Titularisé à la place de Wesley Saïd, Allan Saint-Maximin a doublé le score d'une frappe à l'entrée de la surface avant de célébrer d'un salto devant le banc lensois (18e).

Mais cette réussite offensive a contrasté avec une fébrilité dans la ligne arrière qui a rappelé le début du match précédent, symbolisé par une première approximation de Samson Baidoo (2e), enfin de retour en tant que titulaire après une blessure, puis une seconde, qui a cette fois coûté un but inscrit par Santiago Hidalgo (21e).
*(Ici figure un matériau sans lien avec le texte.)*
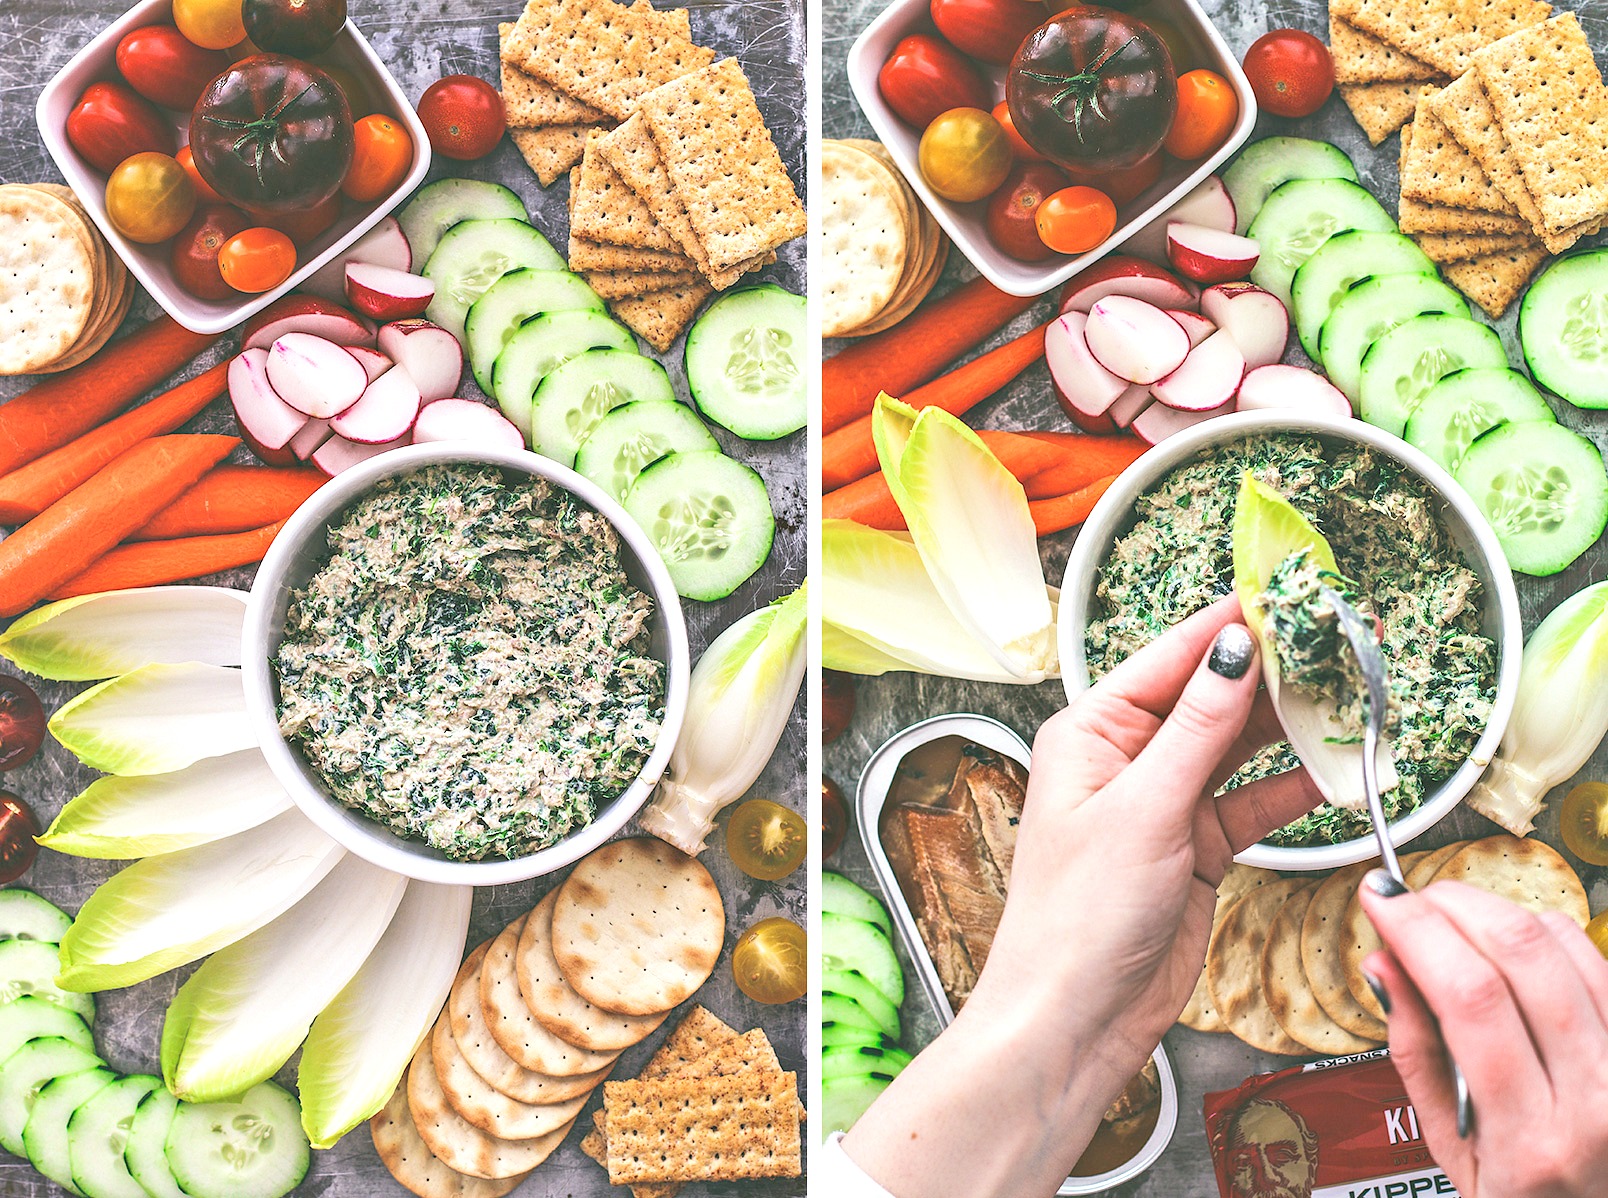 Smoked Fish Dip With Spinach | Killing Thyme

Entre-temps et dans les minutes qui ont suivi, Ismaëlo Ganiou (21 ans) aussi a été hésitant, sans doute pris par l'enjeu du match le plus important de sa jeune carrière.

Toulouse limité 

Les Sang et Or ont globalement eu des difficultés à construire le jeu lors de la première demi-heure, bien gênés par les Toulousains de Carles Martinez Novell, qui ont souvent coupé la relation entre les défenseurs et les milieux de terrain lensois.

Mais malgré cela, ils ont frappé une nouvelle fois par le piston gauche Matthieu Udol, à bout portant, à la réception d'un centre de l'autre piston, Saud Abdulhamid (35e).

Ce but a porté un coup au moral du Téfécé, libérant par la même occasion les Lensois, qui ont ensuite accentué leur avantage grâce à Adrien Thomasson, avec une nouvelle fois Saud Abdulhamid en dernier passeur (74e). Le Saoudien a réussi un très bon match, tout comme Allan Saint-Maximin, insaisissable, et Florian Thauvin, meneur dans l'effort des deux côtés du terrain.

En face, au-delà de sa pression défensive intéressante, Toulouse n'aura pas montré grand-chose et s'est heurté aux limites d'un onzième de Ligue 1, face au deuxième. S'il n'a pas le championnat, Lens aura peut-être la Coupe.